The sarcasm thickened. “All of you emissaries, you talk like limpets, don’t you, so low and quiet, your words slicker than wet skin. You come here from your kings or from your dukes and you want something. A fat minister from King Charles’s court in Paris was here just last month. He was oily and kept looking at me as if my robe was lying at my feet. He made me want to bathe. None of you say anything, but you say it nicely and hope the other person is stupid. Well, I’m not stupid. At least you’re not oily and I feel like I still have my robe on. Now, why were you spying on us? What do you want?”
“That was quite a lot you just said.” He smiled at her, and still waited for her to flinch, to step back from him, but she didn’t. He continued, more than curious now because she hadn’t flinched, hadn’t looked at him and recoiled. “Actually I was merely learning my way about. I heard voices and came into this beautiful garden. I’m rather glad you didn’t succeed in pulling out that other woman’s hair. It’s far too beautiful to be left in knots on the ground.”
“It is her pride, that hair of hers.” She sighed. “Her hair is strong, curse her. I did try, I yanked as hard as I could but it did no good. It’s the first time I’ve managed to get so close, and I failed. The gods know what she’ll do to me now. She always manages something that hurts.”
He took a step closer. He could see the red hand print on her left cheek. He reached out his hand, then realized what he was doing, and withdrew it. “Are you all right?”
“Oh, yes. She’s struck me so many times that now I hardly even notice. This time was different though, but still, we fight whenever we’re within the same chamber.”
“How was it different?”
She was thoughtful for a long moment. Finally she said, her brows knit, “There was deep hatred this time, not just annoyance or irritation. I’m full-grown now and she can’t bear that, although I don’t understand why.”
“Who is she?”
“My father’s second wife.”
“Ah, the stepmother. There are many tales about their vanity and evil. A skald I know well tells of a stepmother who turned her stepdaughter into a pumpkin and left her in a field to rot. Luckily for the pumpkin, a child came along, kicked it, and when it moaned with pain, the child touched it just right and the stepdaughter reappeared. The child ran away.”
“That didn’t sound like a diplomat. Perhaps you are human after all.”
“Perhaps one day you will hear the full tale. Now, about your stepmother.”
“Yes, that’s what she is, and my father loves her, despite her vanity, her temper, her meanness. She’s given him four sons, you see.”
“I see.”
“You needn’t repeat any of this,” she said, her eyes narrowing in warning.
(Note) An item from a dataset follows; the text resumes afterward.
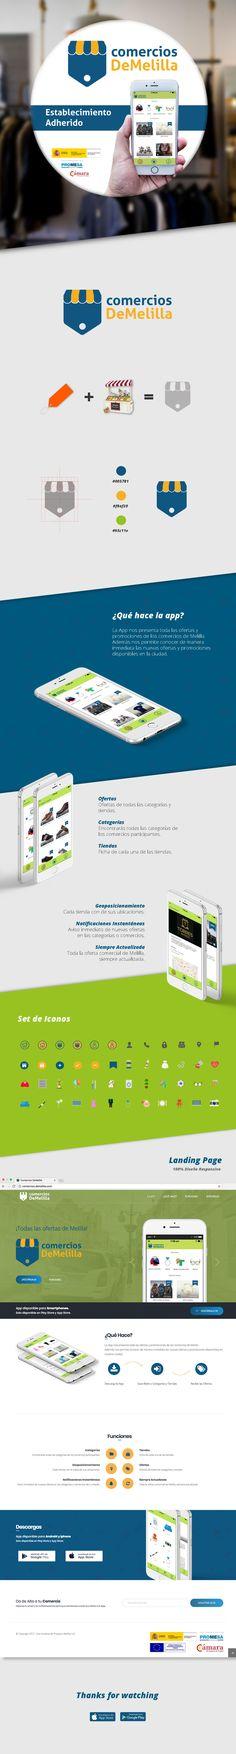 Identidad y FrontEnd Proyecto App comercios DeMelilla

“Why should I? Surely it isn’t all that interesting. Who would I tell who would be amused or hold me in higher esteem?”
She snorted, actually snorted, and he was, for just an instant, enchanted. “There you go again, not saying anything, just asking a stupid question that doesn’t carry as much weight as a bee’s wings. I don’t think I’d be a good diplomat.”
“No, probably not,” he said in that same mild voice. “You haven’t answered my question. Why should I tell anyone about you trying to pull out your stepmother’s hair?”
That jaw of hers was stubborn as a stoat’s but nicely rounded, quite soft looking, really. “Oh, very well. You’ll find out anyway, the way you sneak around and speak so softly like you’re licking honey. She’s Queen Sira, the king’s wife. He used to call her Naphta, after my mother, but she hated it so he let her have her own name back again. That was after the birth of her first son.”
“It all sounds very complicated. I take it then that you’re the king’s daughter.”